“No?” said Hetty, very sharply. “What do you mean, Flo?”

Miss Schuyler smiled a little and looked Grant in the eyes. “What would appear base treachery in Hetty’s case would be less astonishing in me. Mr. Grant, you must not run risks again to talk to me, but since you have done it I must see you through. You are sure there is only one cow-boy in the hall, Hetty?”

Hetty turned and looked at them. Flora Schuyler was smiling bravely, the man standing still with grave astonishment in his eyes.

“No,” she said, with quick incisiveness, “I can’t let you, Flo.”

“I don’t think I asked your permission,” said Miss Schuyler. “Could you explain this to your father, Hetty? I believe he would not be angry with me. Adventurous gallantry is, I understand, quite approved of on the prairie. Call your maid. Mr. Grant, will you come with me?”

For several seconds Hetty stood silent, recognizing that what Torrance might smile at in his guest would appear almost a crime in his daughter, but still horribly unwilling. Then, as Flora Schuyler, with a half-impatient gesture, signed to Grant, she touched a little gong, and a few moments later her maid met them in the corridor. The girl stopped suddenly, gasping a little as she stared at Grant, until Hetty grasped her arm, nipping it cruelly.

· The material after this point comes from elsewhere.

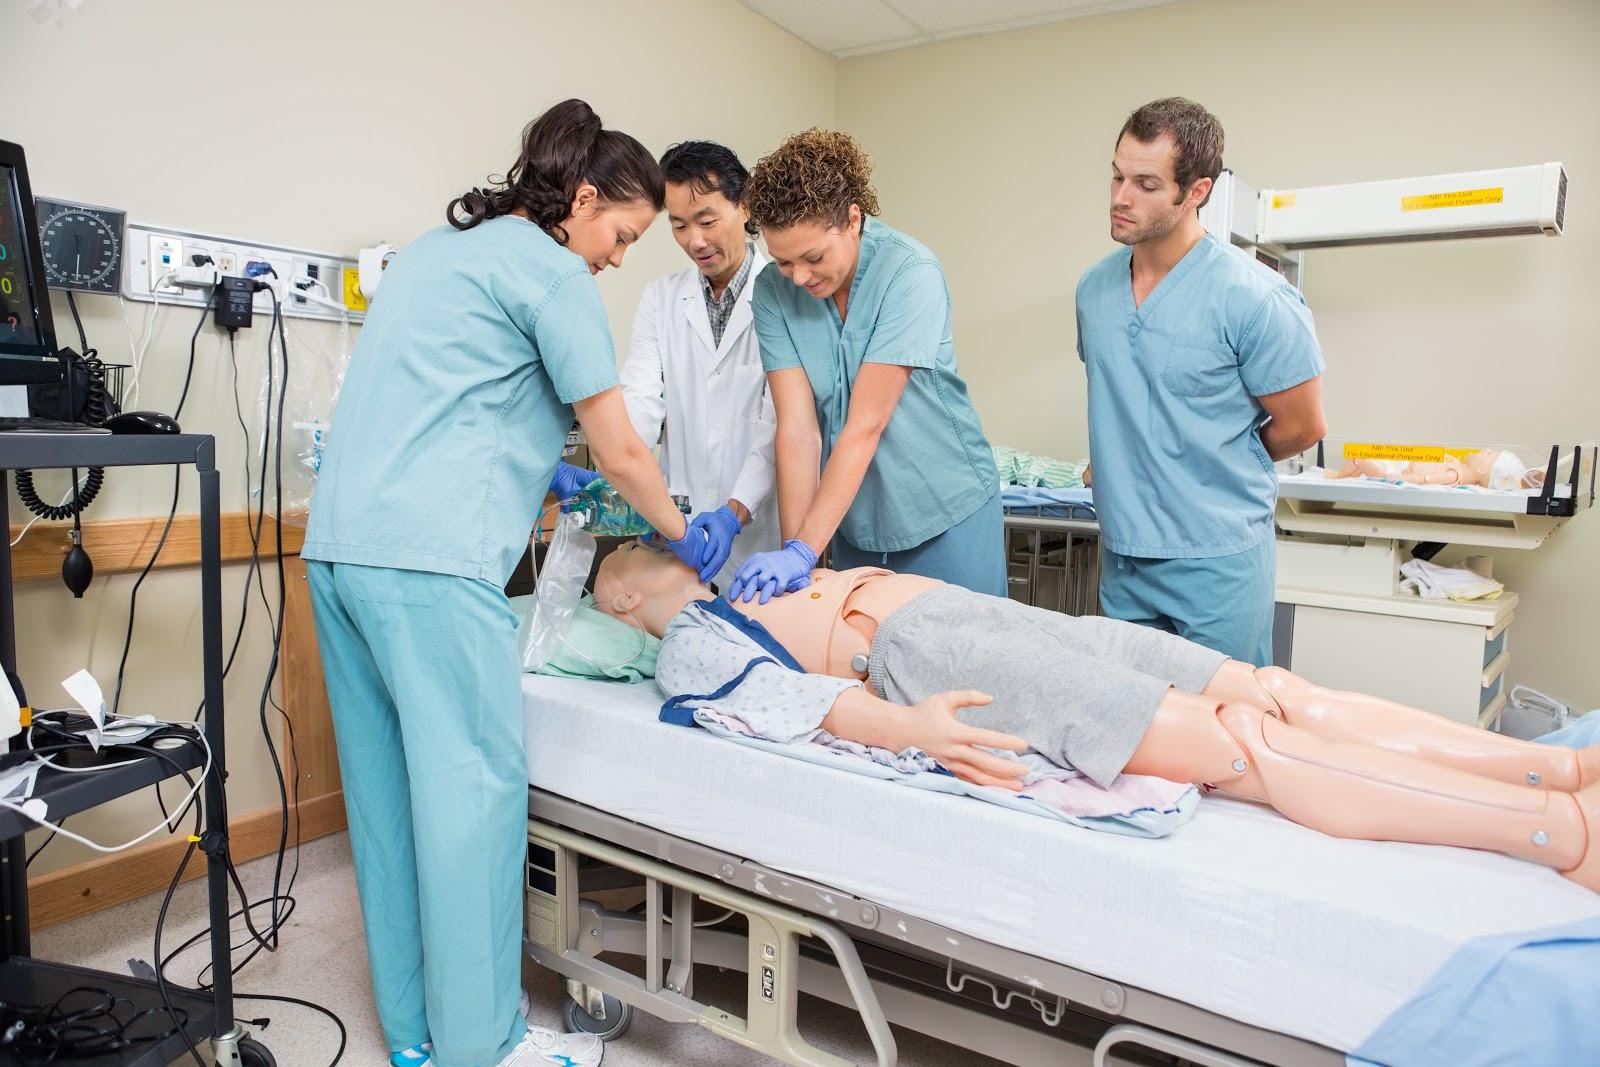 BSN Programs: Nurse performing CPR on dummy patient

“If you scream or do anything silly you will be ever so sorry,” she said. “Go down into the hall and talk to Jo. Keep him where the stove is, with his back to the door.”

“But how am I to do it?” the girl asked.

“Take him something to eat,” Miss Schuyler said impatiently. “Any way, it should not be hard to fool him—I have seen him looking at you. Now, I wonder if that grey dress of mine would fit you—I have scarcely had it on, but it’s a little too tight for me.”

The girl’s eyes glistened, she moved swiftly down the corridor, Flora Schuyler laughed, and Grant looked away.